Some on the political left might call this framework intersectionality. But Cotler is not trying to apply a political ideology to his fight against antisemitism, and he says he feels fortunate that Canadians by and large do not politicize the issue. “People are not weaponizing antisemitism. You don’t have the right weaponize it against the left, and the left weaponizing it against the right,” he noted — unlike Canada’s neighbor to the south. “The big difference is Canada is not as polarized or as divided as the U.S.,” and “there still is a consensus.” His biggest concern is what he calls the “normalization” of antisemitism, where “it gets mainstream, and it doesn’t elicit the condemnation, or maybe the outrage, that it deserves.”
One of Cotler’s goals as Canada’s global antisemitism envoy is to address what he views as antisemitism at the United Nations, in the double standard he says the U.N. applies to Israel. “The rights of Israel deserve equal respect, not that human rights standards should not be applied to Israel. They must be. But these standards must be applied equally to everyone else,” Cotler said. He pointed out that Syria was recently appointed to a top position on the U.N.’s Special Committee on Decolonization, despite its well-documented history of brutal repression during the country’s civil war.

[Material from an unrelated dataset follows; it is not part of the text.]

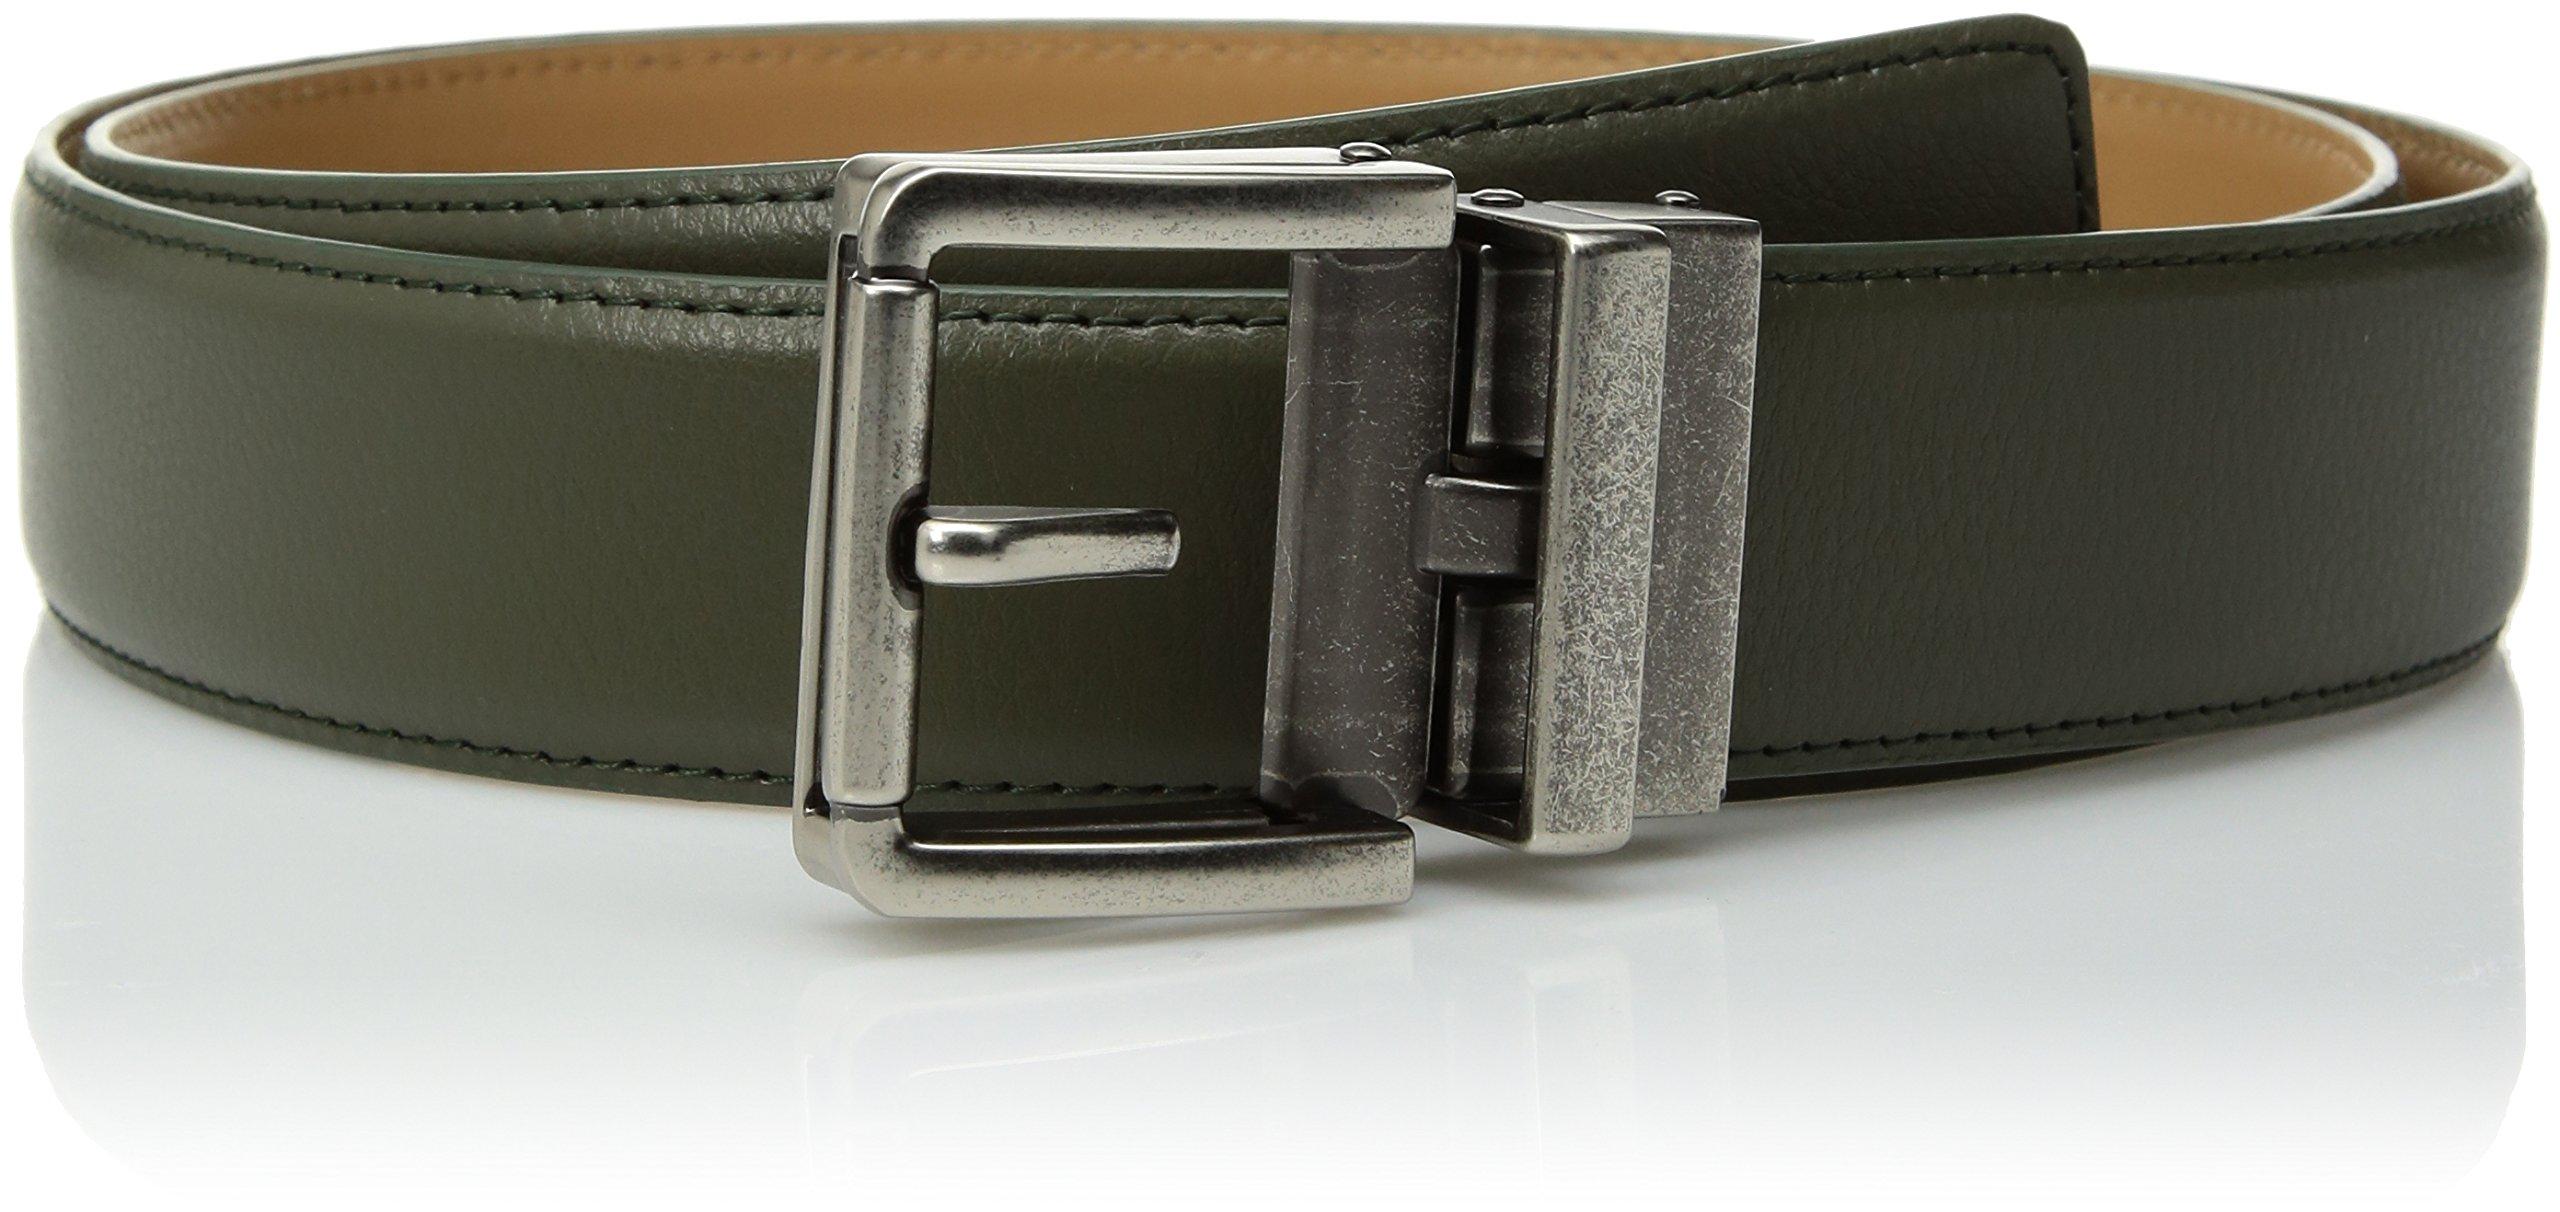 Comfort Click Men's Adjustable Perfect Fit Ratchet Belt-As Seen on TV, Olive/Tarnished Gunmetal-Pebble, ONE SIZE

Cotler noted that some in the pro-Israel community who criticize the U.N.’s treatment of Israel simply oppose the institution entirely, but he is not among them. “If you’re Canadian, the United Nations is part of your DNA,” Cotler explained, noting that “human rights is a centerpiece of our foreign policy, [and] international law is part of my identity.”
His work truly is international: The cases currently in his docket include Badawi in Saudi Arabia, along with dissidents from China and Russia. During his conversation with JI, he received a call about a matter related to political persecution in Venezuela. “That’s another priority,” he said. For Cotler, every matter related to global injustice is a priority: “I get energized by the work.”